=== YOUR INSTRUCTIONS ===
Extract the stretch of lines that starts at the line with "Champagne Bottle Now." and ends at the last line of the data below. Give it exactly, without pictures.

=== DATA SECTION ===
--- START ---
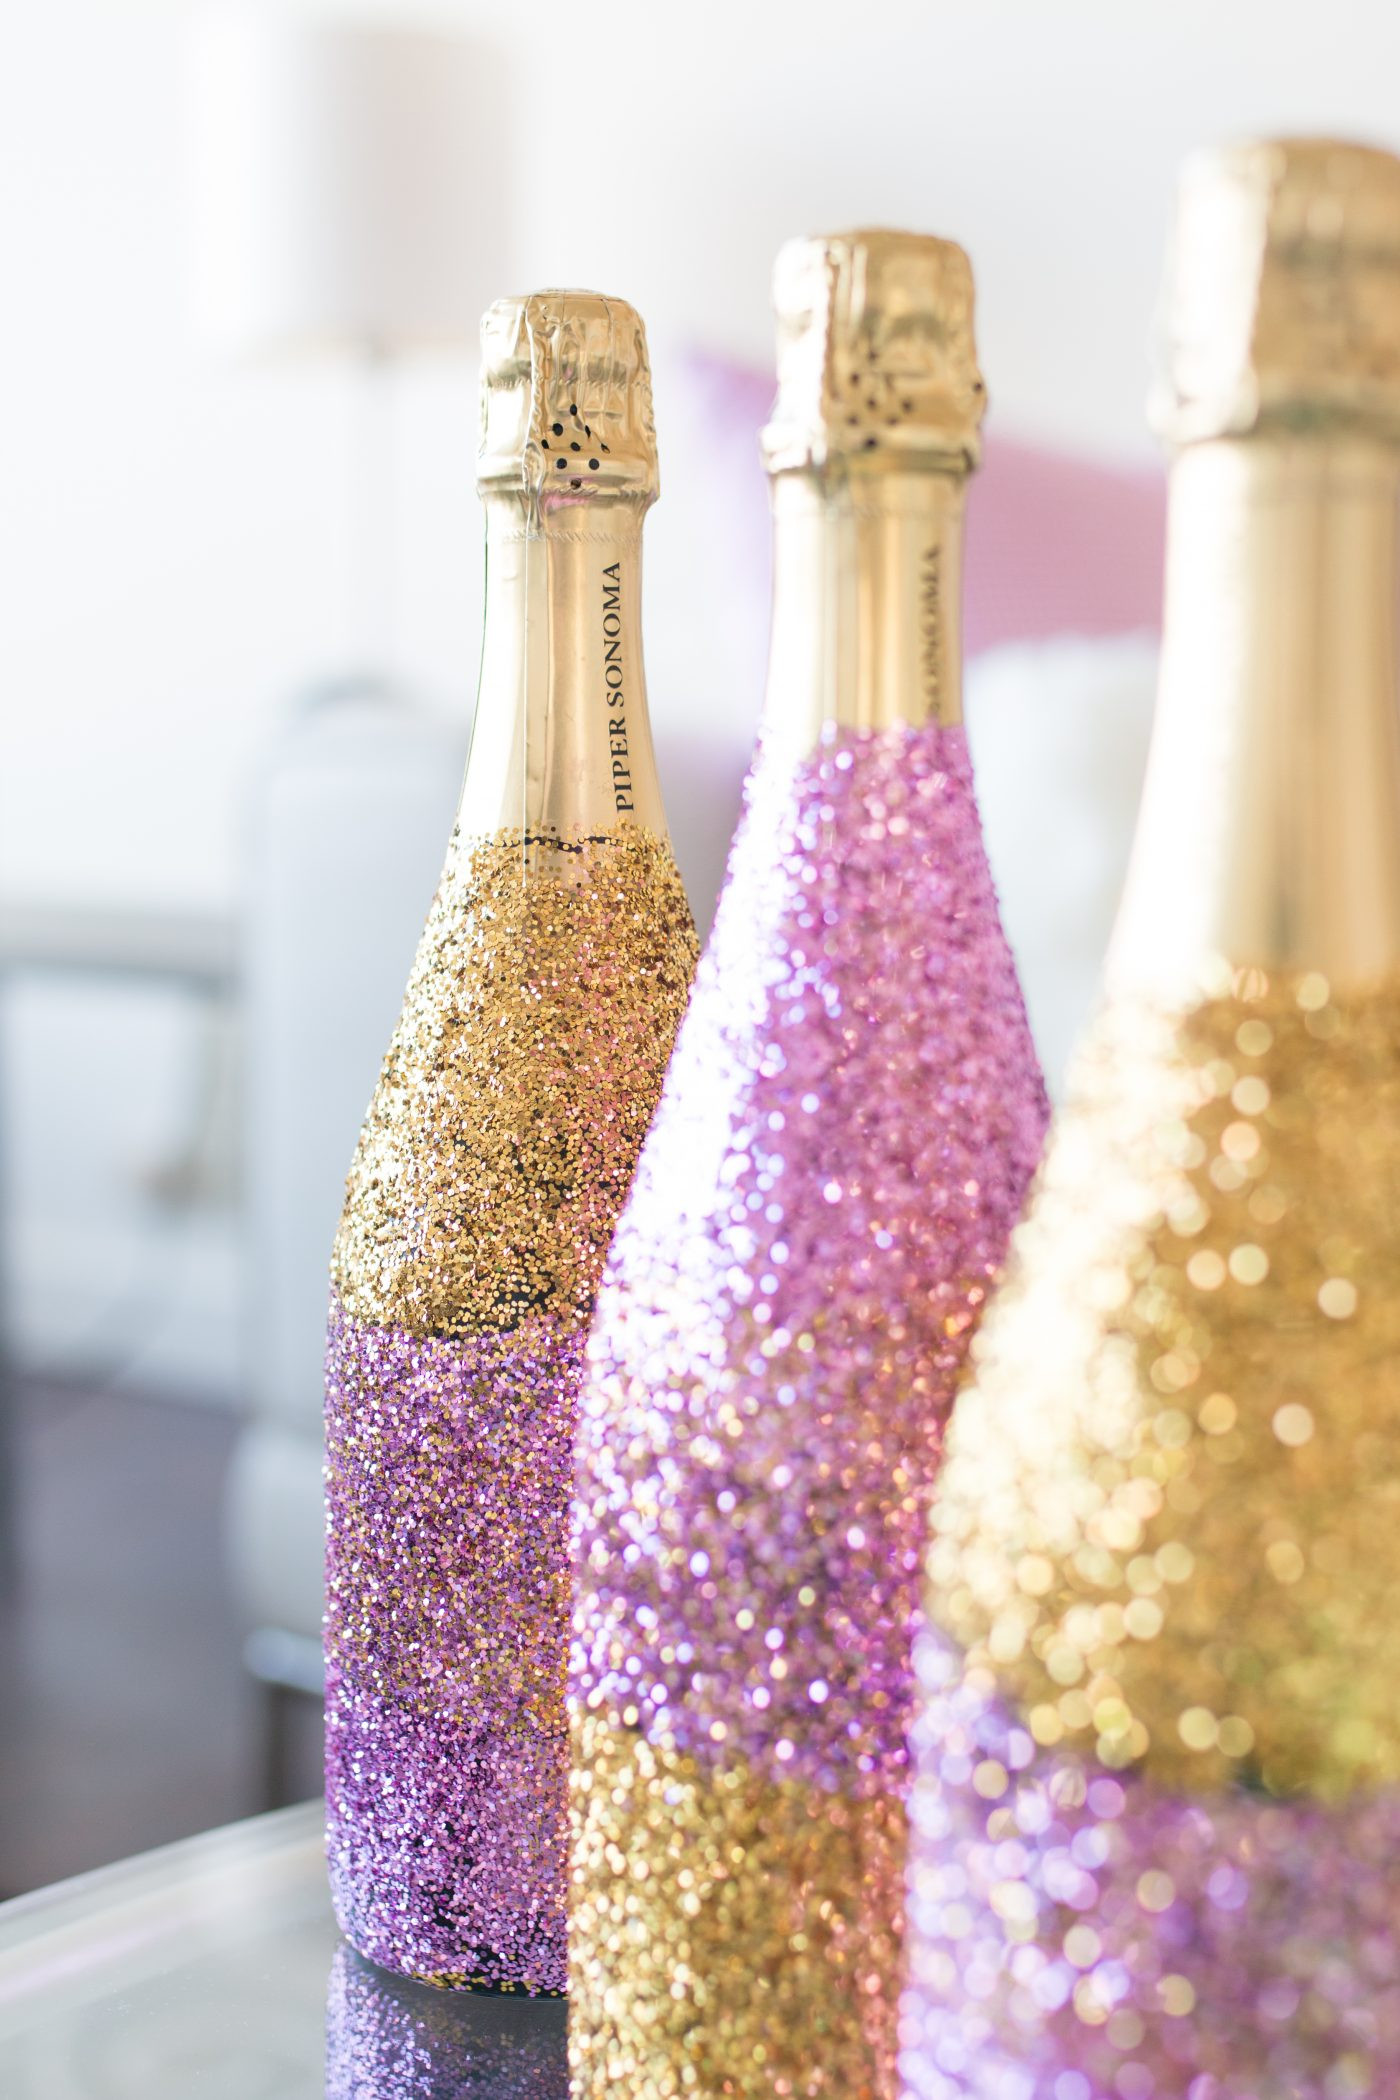 Best ideas about Glitter Bottle DIY
. Save or Pin DIY Glitter Ombré Champagne Bottle Now.
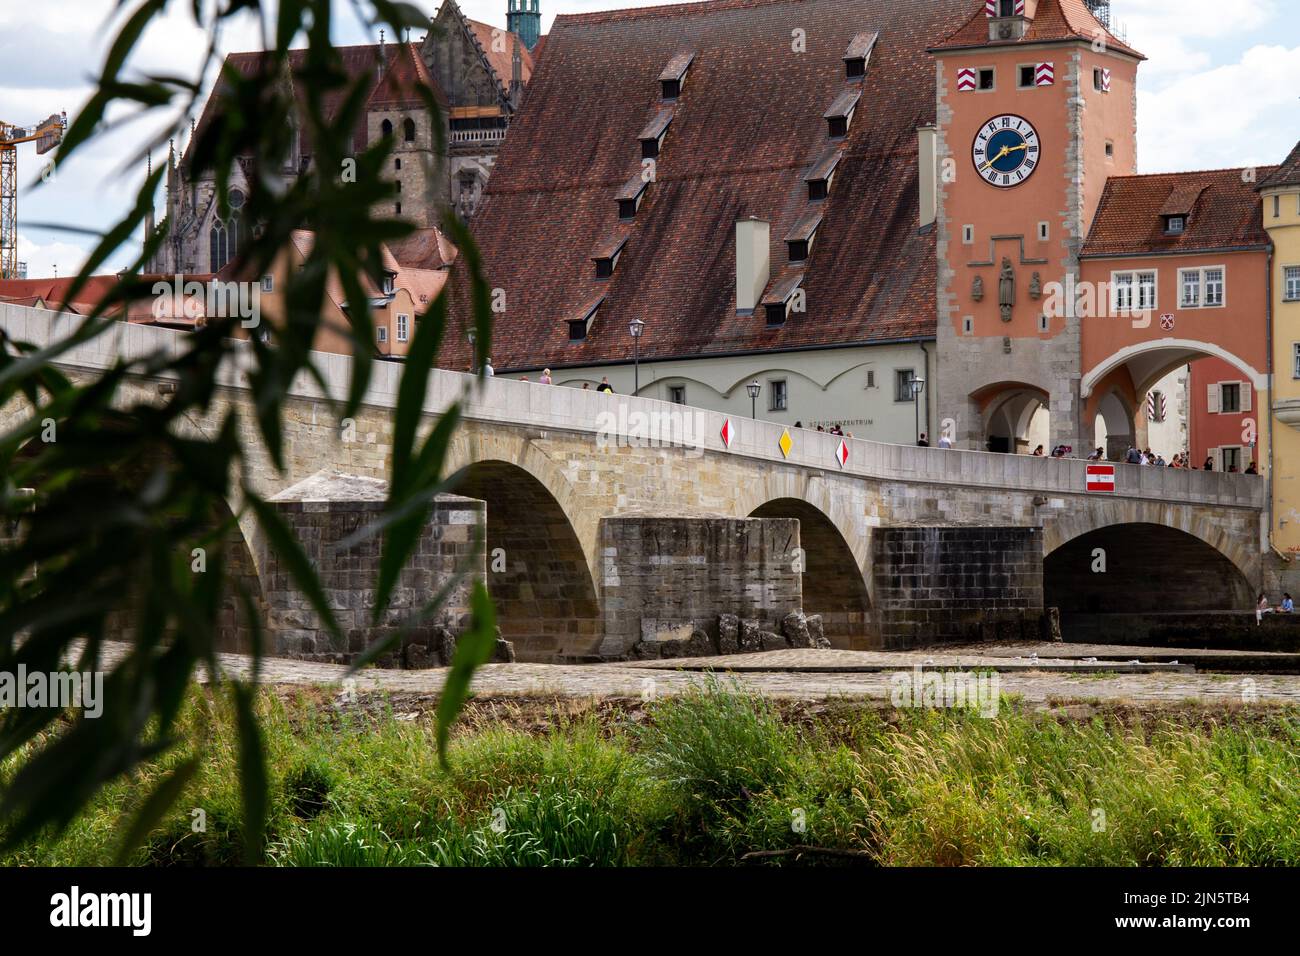 Steinerne Brücke / Stone Bridge Regensburg, Bayern / Bavaria Stock Photo
--- END ---
=== RESPONSE BOX ===
. Save or Pin DIY Glitter Ombré Champagne Bottle Now.
 Steinerne Brücke / Stone Bridge Regensburg, Bayern / Bavaria Stock Photo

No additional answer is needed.